Semiconductor device manufacturing: process – Making field effect device having pair of active regions... – Having insulated gate
Reexamination Certificate
1997-05-14
2001-04-17
Niebling, John F. (Department: 2812)
Semiconductor device manufacturing: process
Making field effect device having pair of active regions...
Having insulated gate
C438S232000, C438S301000, C438S306000
Reexamination Certificate
active
06218228
ABSTRACT:
BACKGROUND OF THE INVENTION
1. Field of the Invention
The present invention relates to an improved structure for Double-diffused MOS-technology (DMOS) devices (such as DMOSFETs, Vertical DMOSFETs or “VDMOSFETs”, IGBTs etc.), and to a related manufacturing process.
2. Discussion of the Related Art
A power VDMOSFET is a device including, integrated in the same semiconductor chip, several hundred or even thousands elementary cells representing elementary VDMOSFETs connected in parallel in order to contribute a given fraction to the overall current of the power device.
In its simplest form, each elementary cell includes a first region of a given conductivity type (P type for an N-channel device, N type for a P-channel one) formed inside a lightly doped semiconductor layer of the opposite conductivity type (N type or P type, respectively); the lightly doped layer is formed over a heavily doped semiconductor substrate of the same conductivity type, in the case of VDMOSFETs, or of the opposite conductivity type in the case of IGBTs. The first region includes a heavily doped deep body region surrounded by a more lightly doped body region. An annular source region is formed inside the body and deep body regions.
A manufacturing process for an N-channel VDMOSFET is described in “Power MOSFETs: Power for the 80s”, D. Grant and A. Tregida, Solid State Technology, November 1985, which is incorporated herein by reference. The process provides for epitaxially growing a lightly doped N type silicon layer over a heavily doped silicon substrate; performing a field oxidation; forming the heavily doped deep body regions; defining active areas of the device; growing a gate oxide layer over said active areas; depositing and doping a polysilicon layer over the gate oxide layer; defining gate regions by selectively etching the polysilicon layer; forming the body regions and the source regions to define the channel of the VDMOSFET; depositing an oxide layer over the entire surface of the chip; defining contact areas in said oxide layer; forming metal layers on the top and bottom surfaces of the chip; and passivating the top surface of the chip.
More evolved VDMOSFET structures are described in the U.S. Pat. No. 5,382,538 and U.S. Pat. No. 4,774,198, both incorporated herein by reference.
For example, in the U.S. Pat. No. 5,382,538 a structure is described wherein the heavily doped deep body regions are formed inside the more lightly doped body regions, and are self-aligned with the polysilicon gate (and thus with the channel regions).

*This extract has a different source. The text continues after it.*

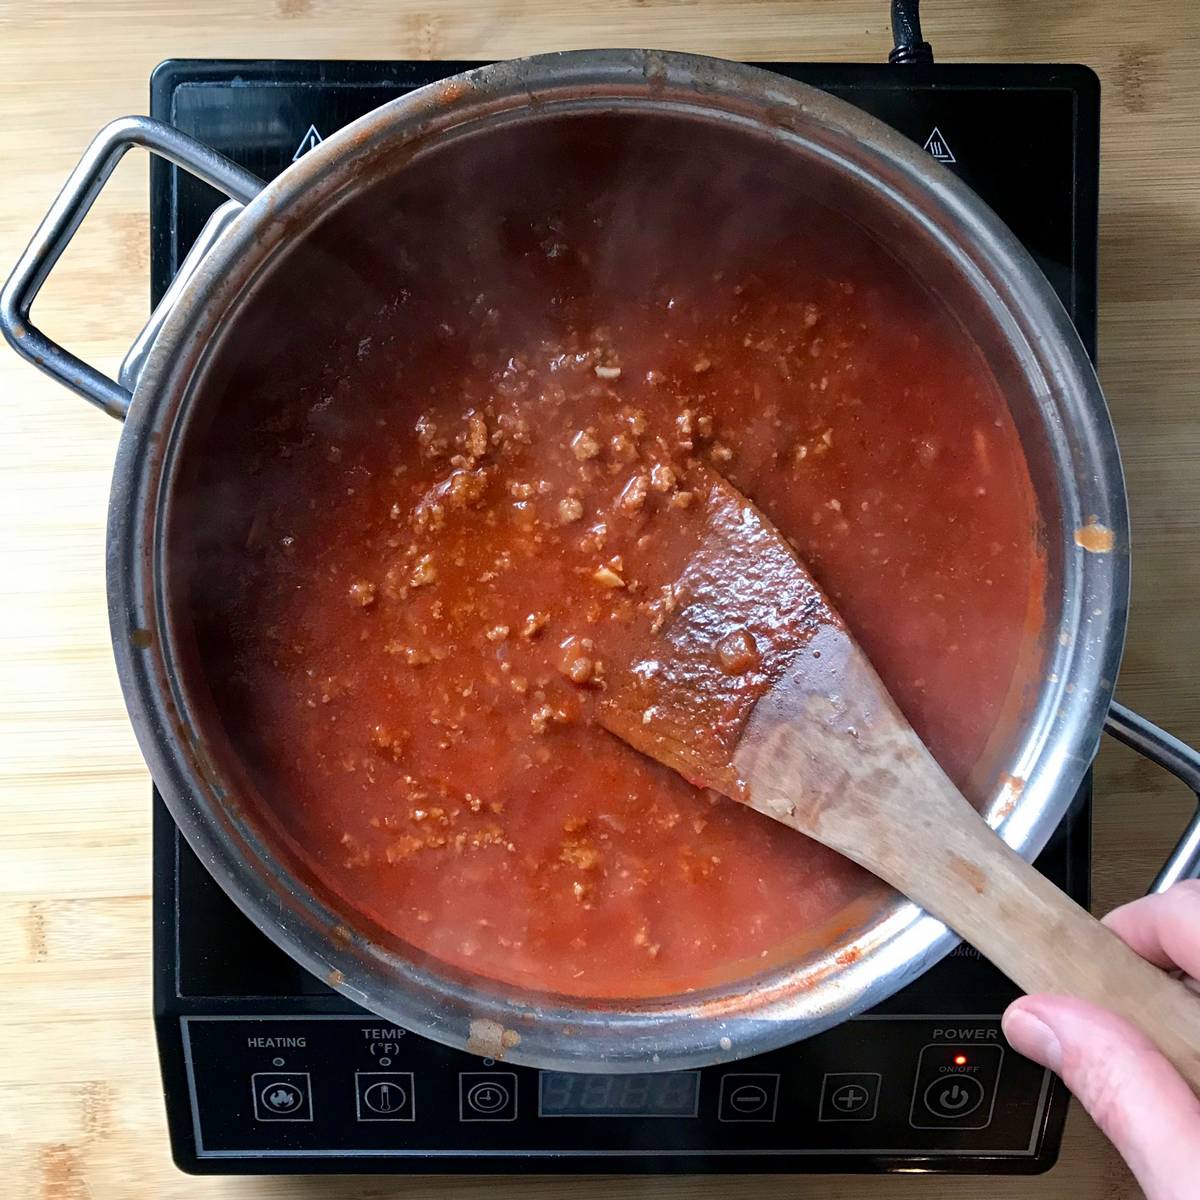 Cooked ground meat added to a simmering tomato sauce.
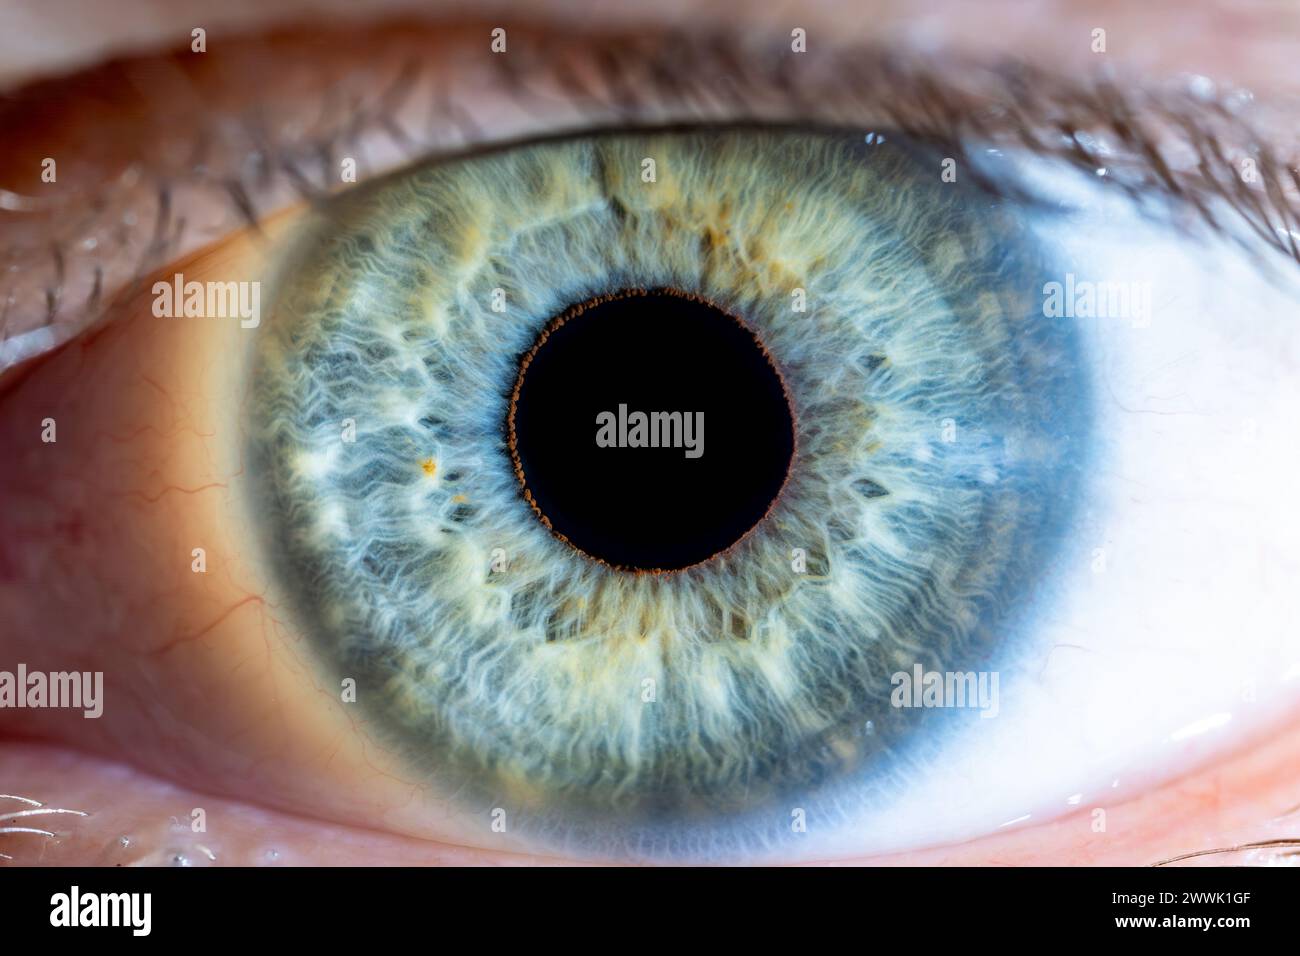 Description: High Resolution male Green-Blue Colored Eye with Yellow Pigment Spots and Pupil Wide Open. Close Up. Structural Anatomy. Human Iris. Macr Stock Photo

A manufacturing process suitable for obtaining this structure differs from the previously described process in that both the lightly doped body regions and the heavily doped deep body regions are formed in a self-aligned manner with the polysilicon gates, and the lightly doped body regions are formed first.
A major problem of power VDMOSFETs is that the lightly doped epitaxial layer, having a significant resistivity, causes the power device to have a high on-state resistance RDSon (the resistance value between drain and source terminals when the device is in the conductive state). High RDSon values result in significant power dissipation.
Furthermore, it is known that power VDMOSFETs which must withstand high drain-source voltages require highly resistive and thick epitaxial layers, and that the RDSon value increases rapidly with the breakdown voltage BV.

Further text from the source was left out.